Furthermore, the framework incorporates a feedback mechanism, where patterns consistently identified by the ML models as malicious can be progressively integrated into the deterministic ruleset. This adaptive learning process ensures that the framework improves incrementally over time, reducing the chance of adversaries exploiting repeated evasion strategies.
Through this hybridization, the HD-ML framework strikes a balance between efficiency, adaptability, and scalability, making it particularly well-suited for deployment in resource-constrained IoT networks.
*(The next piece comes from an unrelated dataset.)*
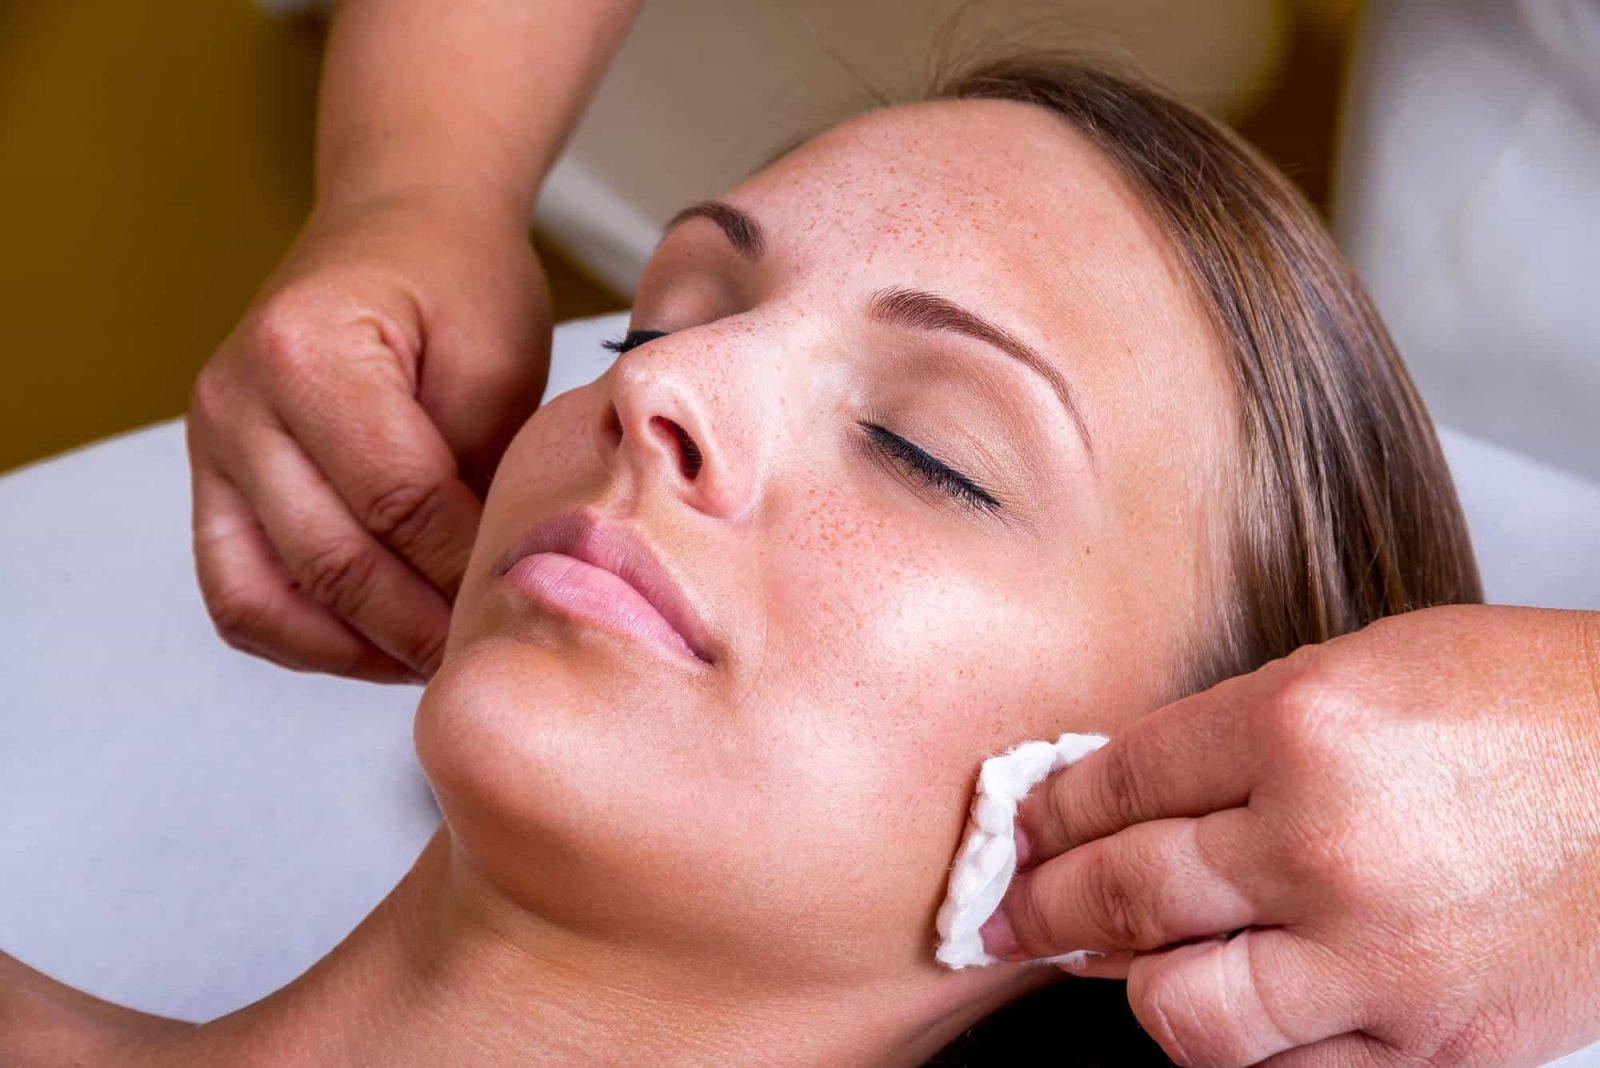 chemical-peels-glasgow - woman undergoing treatment

An overview of the architecture is depicted in Figure 1, which illustrates the flow of data from IoT devices to the server through the gateway. At the gateway, the deterministic layer acts as the initial filter, forwarding legitimate traffic directly while discarding conclusively spoofed packets. Residual traffic is routed through the feature extractor and subsequently analyzed by the ML classifier, which determines whether to forward the packet to the server or to drop it as malicious. Logs are maintained at both layers for accountability, training updates, and system evaluation. The modular nature of this design allows for deployment flexibility, ensuring that even under resource-constrained conditions the gateway can sustain robust defense against volumetric and stealthy DDoS attacks.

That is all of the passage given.